= List of Ender's Game series short stories =

There are various sources for short stories set in the Ender's Game series. One is the short story collection First Meetings by Orson Scott Card. This collection contains the original novelette Ender's Game plus three other stories. Another source is Card’s webzine InterGalactic Medicine Show. The first four stories from Card's webzine: "Mazer in Prison," "Pretty Boy," "Cheater," and "A Young Man with Prospects," also appear in the paperback anthology Orson Scott Card's InterGalactic Medicine Show. Reprints of short stories in the Ender's Game series can be found in other science fiction anthologies.

==Analog Science Fiction and Fact==

- "Ender's Game"
This story is the original Ender's Game novelette which Card published in the August 1977 issue of Analog Science Fiction and Fact.

- "Gloriously Bright"
This story introduces the characters of Han Fei-tzu, Han Qing-jao, and Si Wang-mu and was published in the January 1991 issue of Analog Science Fiction and Fact.

==First Meetings==

- "Investment Counselor"
This is the story of how Ender Wiggin first meets the AI Jane and decides to become a speaker for the dead.

- "The Polish Boy"
This is the story of how John Paul Wiggin (Ender's father) comes to the attention of the International Fleet as a child.

- "Teacher's Pest"
This is the story of how John Paul Wiggin first meets and falls in love with his future wife Theresa Brown.

==InterGalactic Medicine Show==

- "Mazer in Prison"
This story centers around Mazer Rackham, a young Hyrum Graff, and the creation of Battle School.

- "Pretty Boy"
This is the story of Bonito "Bonzo" Madrid as a child, and his decision to go to Battle School. First published in the March 2006 issue of InterGalactic Medicine Show, the story also appears in the anthology Orson Scott Card's InterGalactic Medicine Show.

- "Cheater"
This story tells how Han Tzu (Hot Soup) ends up getting selected to go to Battle School.

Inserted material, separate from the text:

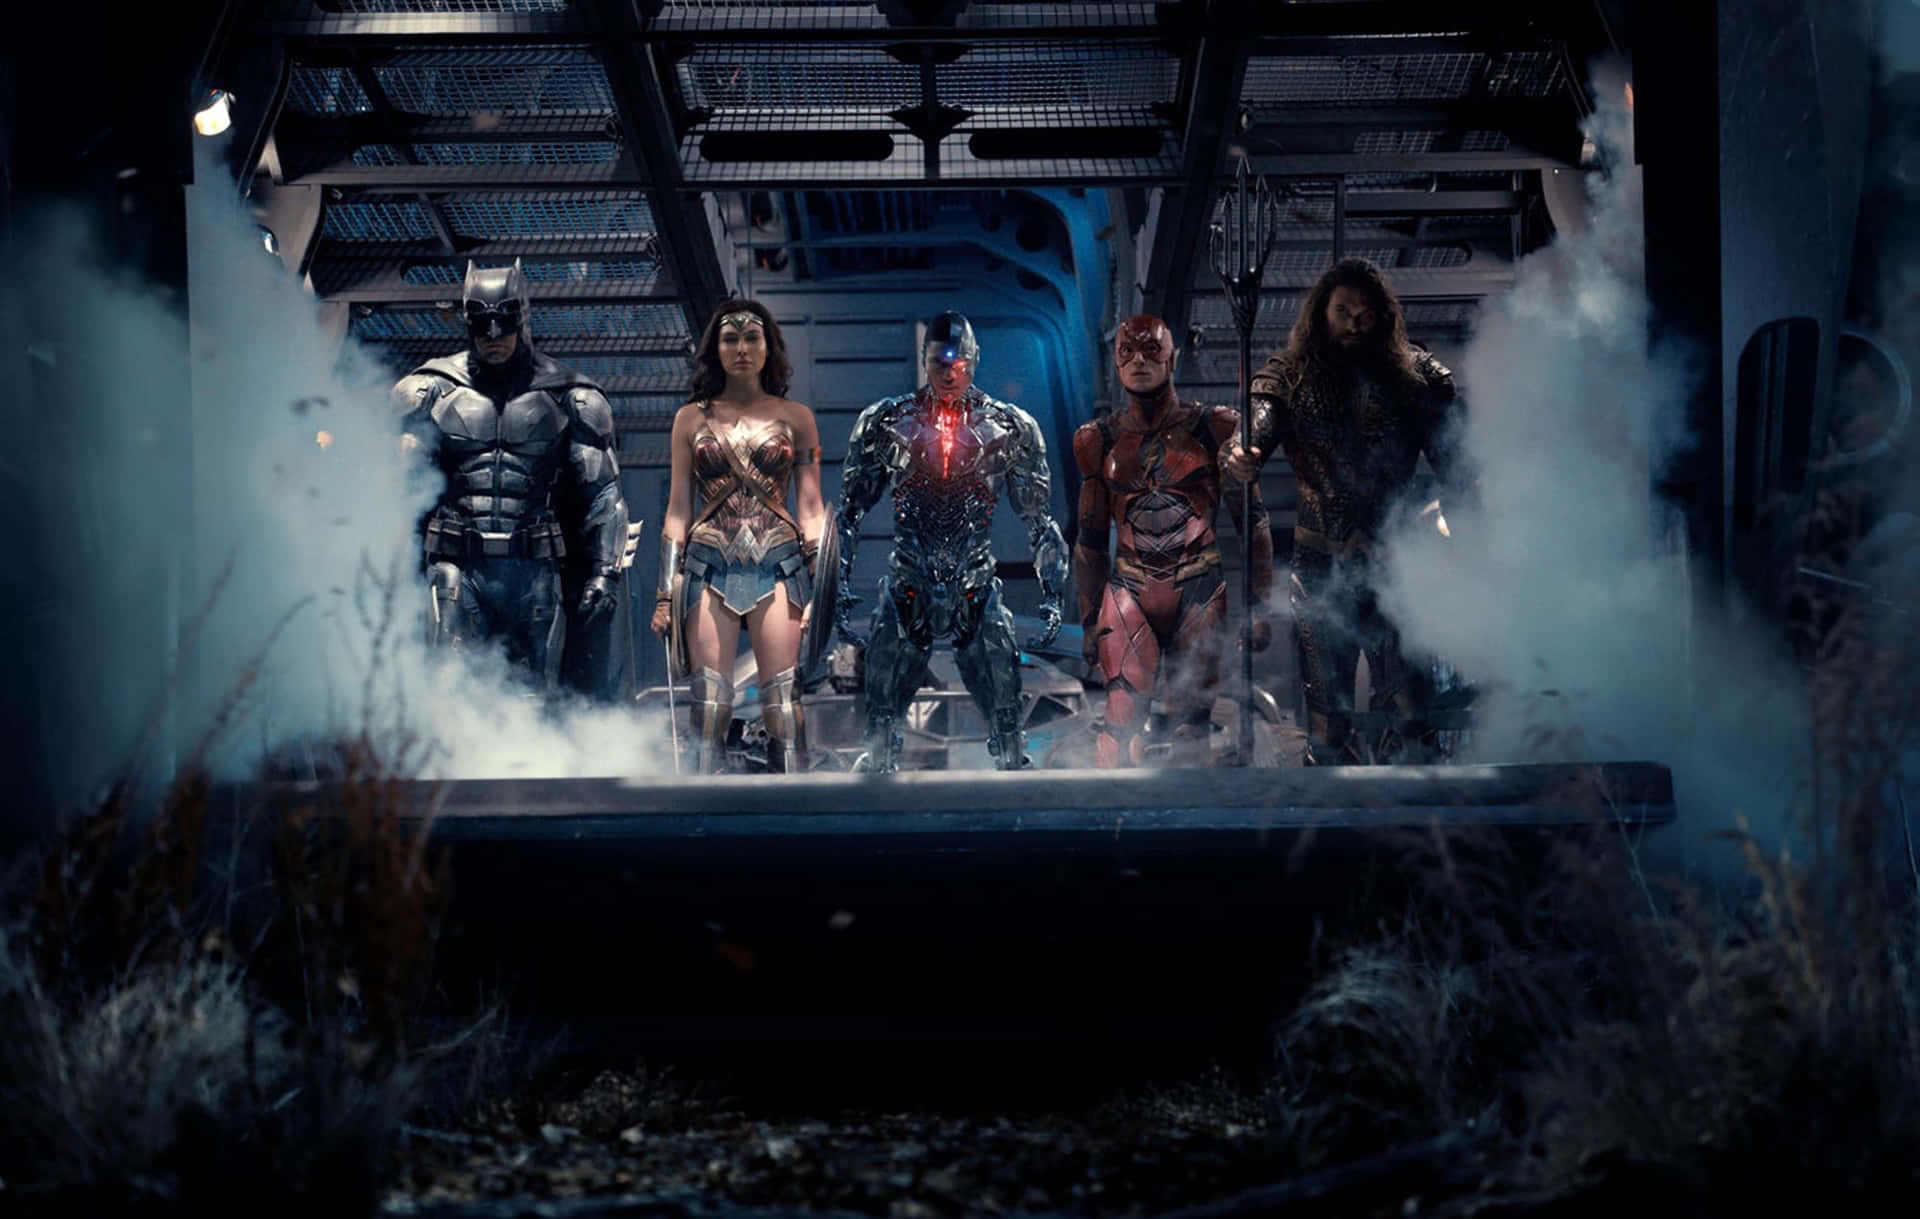 Image  Gal Gadot, Ben Affleck and Jason Momoa in Zack Snyder's Justice League Wallpaper

- "A Young Man with Prospects"
This story tells how Alessandra and her mother become colonists on a new planet after the Formic War.

- "The Gold Bug"
This story tells the story of how a former soldier steps aside to allow Ender to become the governor of his planet.

- "Ender's Stocking"
This story is about Peter Wiggin and his family at Christmas time, while Ender is still in Battle School.

- "Ender's Homecoming"
This story is about how Ender's parents and sister conspire to keep him from returning to Earth so he will be safe.

- "Ender in Flight"
This story is about a power struggle between Ender and Admiral Morgan on the way to the colony where Ender is to become governor.

==Other==

- "The War of Gifts"
In 2016, Card released this version of the story A War of Gifts: An Ender Story, which excludes the "Ender's Stocking" chapter, for inclusion in the anthology Decision Points.

- "Renegat"
Originally posted to Orson Scott Card's Uncle Orson on the Fly subscribers' area on February 2, 2017, this short story was first published in the space opera anthology, Infinite Stars, on October 17, 2017. The story is told from Dabeet Ochoa's point of view as he, Ender, and Valentine work to solve a murder mystery on the planet Catalunya.

- "Governor Wiggin"
Originally posted to Orson Scott Card's Uncle Orson on the Fly subscribers' area on June 10, 2017, this short story has been published in Ender's Way, a large collection of Ender-related short stories, on April 12, 2021. The story is about Ender solving problems in his colony during his time as governor.

- "Messenger"
Originally posted to Orson Scott Card's Uncle Orson on the Fly subscribers' area on September 10, 2018, this short story will first be published in the space opera anthology, Infinite Stars: Dark Frontiers, scheduled for release on November 5, 2019. This story focuses on Hyrum Graff, and may be the first few chapters of The Last Shadow.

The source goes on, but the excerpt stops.